Conclusion: Although the size of a RCC is not an important factor influencing hypopituitary function, we consider that endocrine evaluation should be carried out in all patients with a RCC.

Introduction

A Rathke’s cleft cyst (RCC) is a common, benign, cystic lesion that originates from the remnant tissue of a Rathke’s cyst (1). Different autopsy studies have shown the prevalence of RCCs ranges from 13% to 22%. The cysts are often located in the saddle or upon the saddle. Most patients have no clinical manifestations, with symptomatic Rathke’s cysts being relatively uncommon (2). Medical management of RCCs has not yet been standardized (3), although it is generally accepted that clinical and radiological monitoring is sufficient for cases of incidental asymptomatic RCCs. However, it is possible that RCC-related pituitary dysfunction and other manifestations, such as headaches and visual disturbances may be underestimated by this approach (4). Because of the benign features of RCC, there have only been a small number of clinical studies on pituitary function in patients with RCC in China, with pituitary dysfunction often ignored in diagnosis and treatment. To further assess pituitary function in patients with RCC, we performed a cross-sectional, retrospective study of patients with RCCs, diagnosed by magnetic resonance imaging (MRI) or histology following surgery.

Patients And Methods

Patients

According to the guidelines of the ZhengZhou University Medical Ethical Committee, the data of patients diagnosed with a RCC who were admitted to the First Affiliated Hospital of Zhengzhou University from January 2019 to July 2021 were collected to establish a retrospective observational cohort study. Study eligibility criteria included a radiologically defined RCC and assessment of pituitary function. A total of 221 patients were enrolled in the study including 22 patients who underwent surgery and had a pathological diagnosis and 199 patients with a presumed diagnosis following an MRI. Basic information of the patient’s gender, age, chief complaint, symptoms and signs were collected. Data on the function of endocrine glands were collected, including thyroid function free serum thyroxine (FT4), free triiodothyronine (FT3), thyroid stimulating hormone (TSH), serum ACTH and cortisone (at 8am and 0am), serum gonadotropin [luteinizing hormone (LH) and follicle-stimulating hormone (FSH)], prolactin (PRL), growth hormone (GH) and insulin-like growth factor-1 (IGF-1).

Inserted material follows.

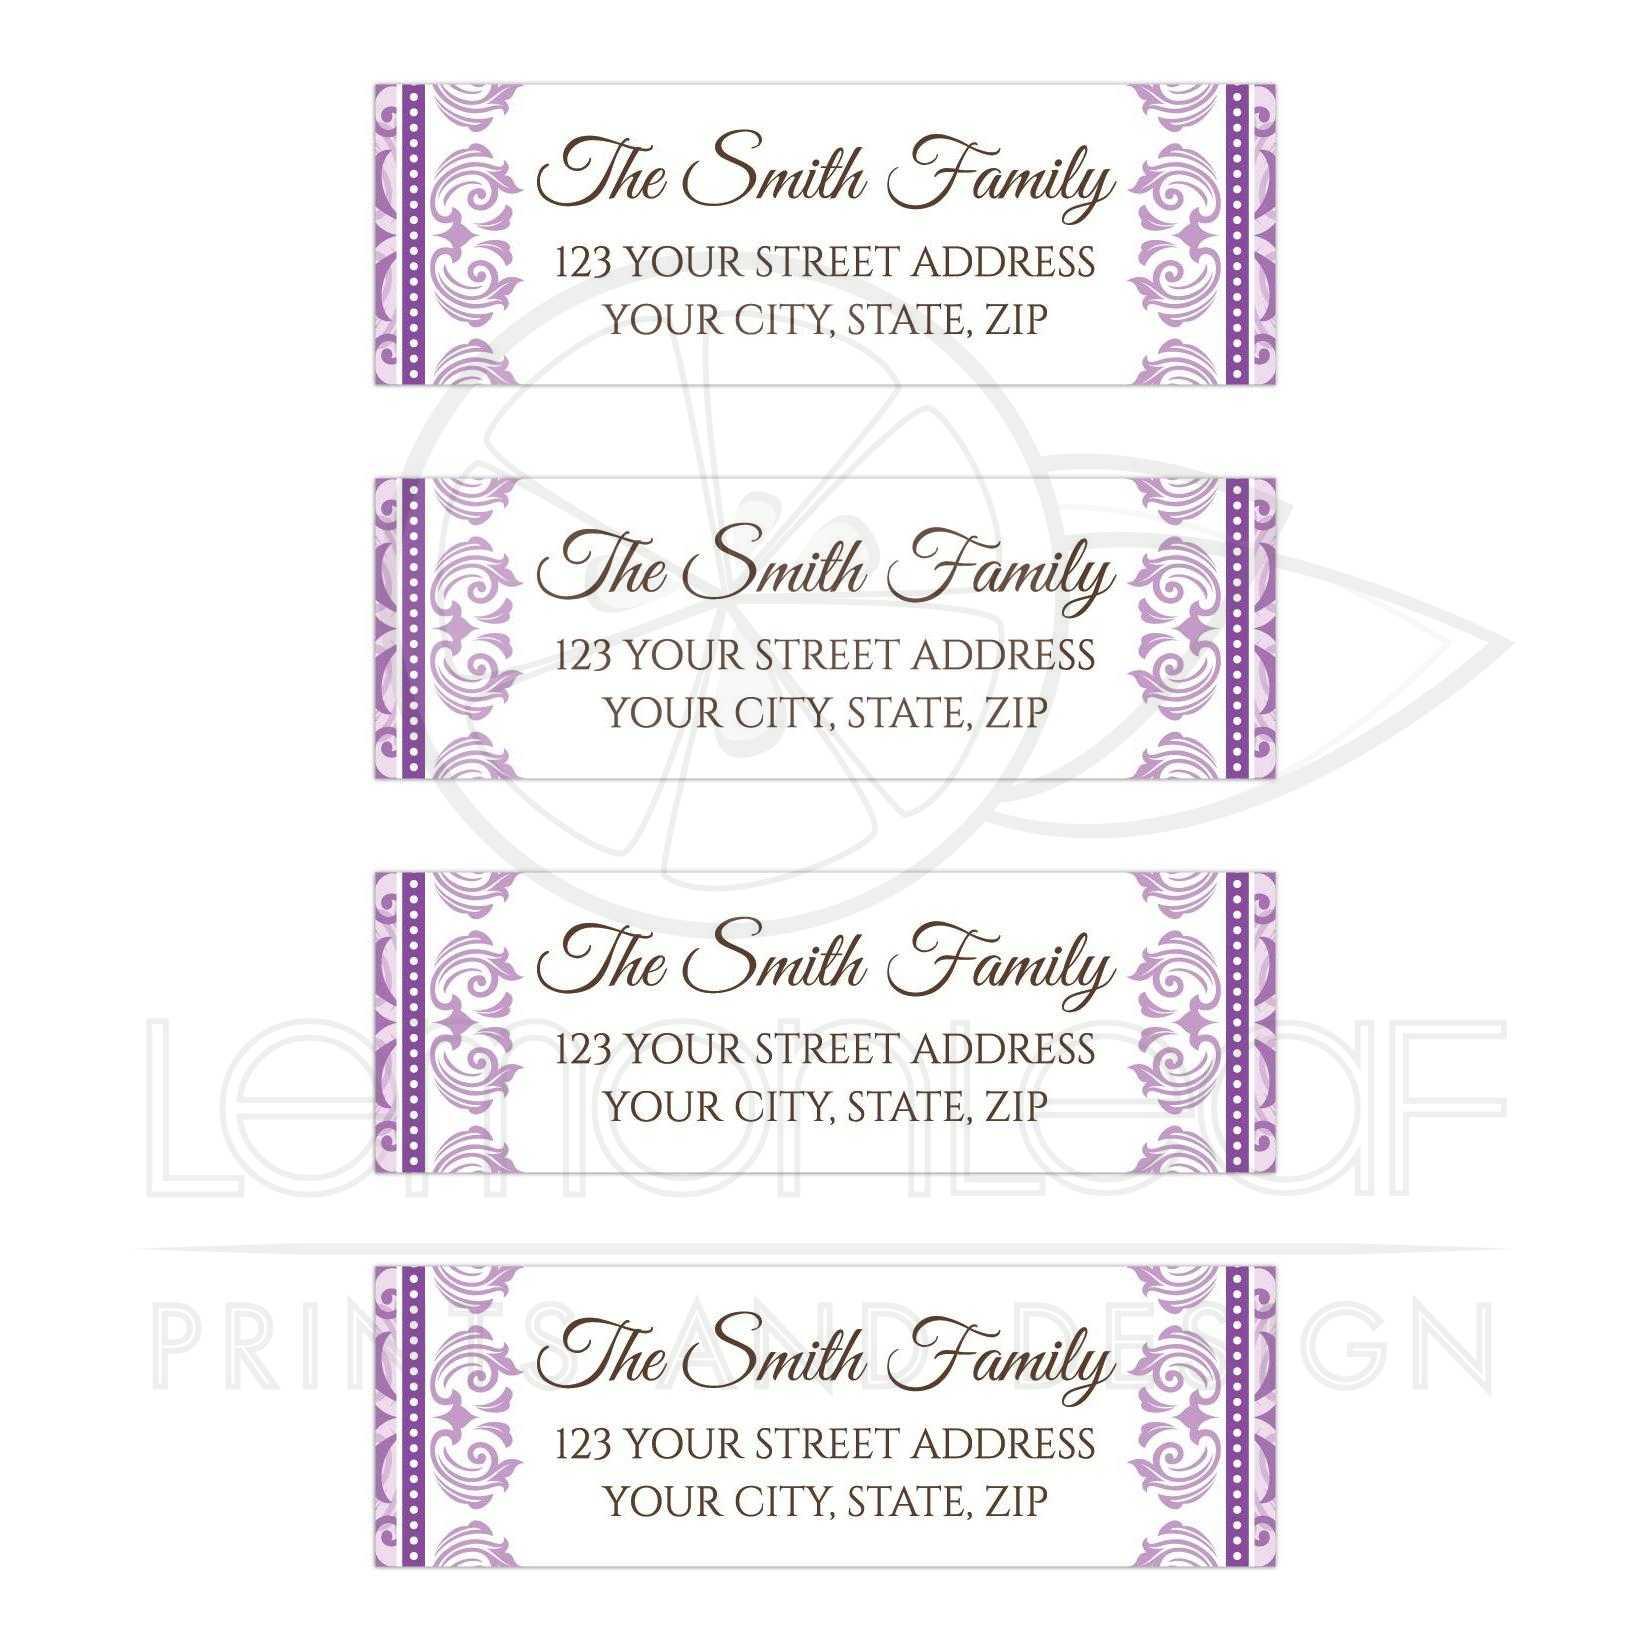 elegant purple mailing or return address labels with purple damask borders

Information on MRI imaging suprasellar area and pathological diagnosis was also recorded.

Data Analysis

RCC-related clinical manifestations were determined according to the patient’s medical history and included headache, dizziness, decreased vision, visual field defects, sexual dysfunction, and diabetes insipidus. Pituitary dysfunction was diagnosed based on laboratory results and clinical signs and symptoms (The diagnostic criteria are detailed in Appendix 1) and defined as either hypoadrenalism(secondary), hypothyroidism(secondary), growth hormone deficiency, hypogonadotropic hypogonadism, precocious puberty, delayed puberty, or asymptomatic. For analysis, the data was grouped according to clinical manifestations, pituitary function, treatment methods, and the diameter of the RCC.

Statistical Analysis

SPSS16 software was used for the statistical analyses. Numeric variables were expressed as mean ± standard deviation (SD) and qualitative variables as numbers and percentages (%). The non-parametric Kruskal Wallis test or the Pearson 2 test were used to compare categorical variables. P values < 0.05 were considered statistically significant.

Results

General Characteristics

A total of 221 patients with a mean age of 40.31 ± 18.58 years (range, 5 - 82 years), were enrolled in the study. Of the 221 patients, 117 (52.94%) were aged 30-50 years and 32 were younger than 18 years old. There were 107 males (aged 41.01 ± 19.79 years) and 114 females (aged 39.63 ± 17.42 years) in the study cohort. There was no significant difference in age between the male and female patients (t=0.561, p=0.575). 22 cases underwent surgery and were diagnosed pathologically, while the remaining 199 cases who received conservative treatment were diagnosed by a MRI of the sellar area. The ages of patients who accepted surgery or conservative treatment were 37.59 ± 19.29 years and 40.61 ± 18.52 years, respectively. The difference in age between the two groups was not statistically significant. A similar number of males and females underwent surgery (n=11 for each gender).

Clinical Manifestations

143 patients were symptomatic, including 83 cases who suffered from dizziness and headache, 9 cases who suffered vision loss or visual field defection, and 2 patients with diabetes insipidus. 52 patients showed symptoms due to abnormal pituitary function including afraid of the cold, poor appetite, loss of libido or gonadal growth retardation, early puberty development, and slow height growth. The remaining 78 cases were asymptomatic. When grouped according to clinical symptoms, the patients with headache and dizziness had larger cysts, with a mean diameter of 15.05 ± 5.92 mm, whereas patients without headache or dizziness had significant smaller cysts with a mean diameter of 0.30 ± 6.98 mm (p = 0.001).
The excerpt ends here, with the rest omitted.